Il peso del sangue

Sono giorni, questi, in cui le grandi mani pietose di Dio raccolgono schiere di vittime che dalla terra salgono a lui, insanguinate.

Per chi sa vedere, esse lasciano una scia dolorosa di sangue sulla terra fino su, nei cieli, una scia rossa e nera, che oscura il sole e i significati. Una scia che pesa sui nostri cuori attenti e schiaccia il nostro respiro.

Vorremmo non vederle, quelle tante vite spezzate. Il loro corteo, il loro urlo silenzioso, ci costringono a guardarle, nelle giornate operose e nei sogni della notte.

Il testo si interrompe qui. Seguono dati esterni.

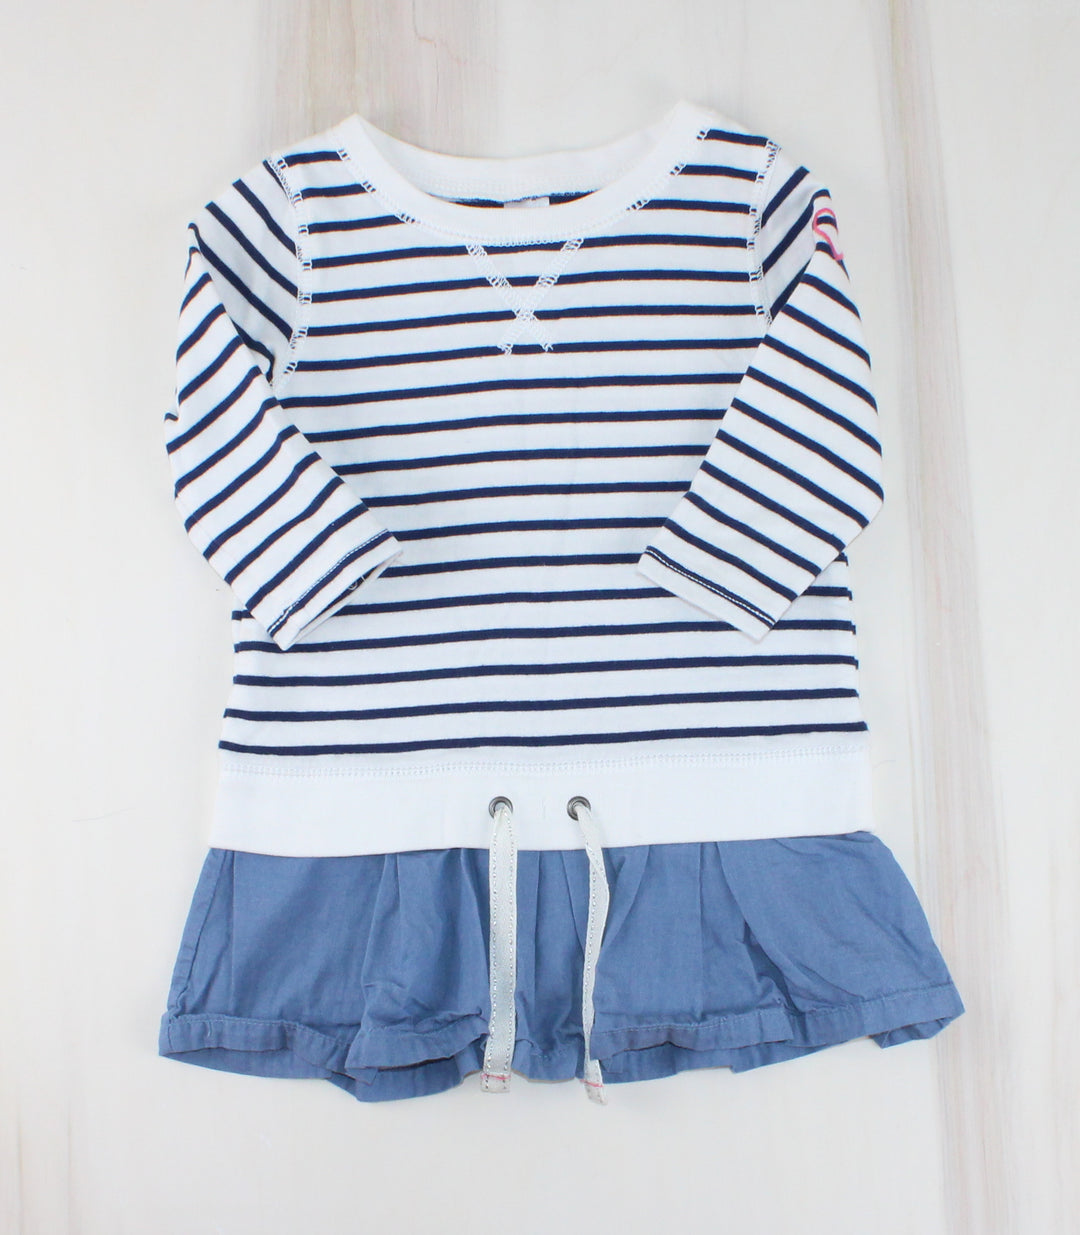 CARTERS STRIPED LONG TOP WITH DENIM BOTTOM 4Y EUC

Sono vittime innocenti dell’odio altrui, ed anche vittime del proprio odio, della morte che volevano dare, della morte che danno a sé stessi per darla, indiscriminatamente, a cittadini di un popolo che sentono nemico. Arrivati esausti nel tepore di quelle grandi mani, si guardano stupiti, si riconoscono, si perdonano.

Piangono insieme. Insieme, tornano a guardare indietro.

Vedono politici e militari che pianificano ed eseguono stermini, perché per loro è utile non fare prigionieri: meglio ucciderli.

Vedono giornali importanti che scrivono: ci vuole una soluzione soltanto militare, non politica, bisogna rioccupare territori parzialmente riconosciuti ad un popolo senza patria. Sotto-mettere, non trattare.

La terra trema fino nelle viscere e gli astri assistono scandalizzati: la loro luce vacilla, si oscura di lacrime.

L’universo sente pena e ira per una umanità incatenata da anelli ed anelli duri di odio, che si generano a ripetizione.

Una umanità – ma anzitutto i potenti che decidono per tutti – che non ascolta la saggezza, la magnanimità, l’intelligenza che sanno tagliare la catena dell’odio.

Il punto, riguardo alla violenza che ammorba i nostri giorni e ci fa vergognare davanti alle pacifiche cose e agli animali, è che, restituendo male per male, pena per delitto, morte per morte, vendetta per vendetta, crescono sempre più male, pena, morte e vendetta.

Il punto sta nel sapere se la politica possa usare la morte senza morire; se ogni azione umana possa usare la morte senza morire.

Il punto sta tutto nella necessità – a cominciare dalla propria casa, dalle relazioni quotidiane – di fermare il proprio pensiero e la propria mano dal raddoppiare il male, fino a diventare capaci, un poco alla volta, di rendere bene per male, e così farsi umili creatori, artigiani di una realtà liberata, dalla casa al mondo.

Abbiamo paura di questo passo, siamo prigionieri del passato che non passa. Vediamo solo, pavidamente, il rischio dell’opporre saggezza e pace alla guerra, giustizia all’ingiustizia, umanità alla disumanità, coraggio al terrore.

E non vediamo ancora che è rischio ben più alto e terribile, totale, finale, il danno interminabile della vendetta.

Chi oggi sente il dolore di Dio, il peso insopportabile di sangue sulle sue mani, l’onta della guerra sulla terra e sulla storia umana, chi oggi ha il cuore in lotta contro la disperazione, cerchi gli altri, anche pochi, che soffrono come lui, plachi lo scandalo del cuore, attivi la mente, faccia conoscere nel dialogo con tutti – con chi crede di dover sostenere la guerra per vincere il male – le alternative alla follia che c’erano e ci sono. Le abbiamo viste e dette. Vediamole ancora, e meglio, diciamole ancora, anche se siamo derisi, tacitati, accusati. Pratichiamole in ciò che dipende da noi.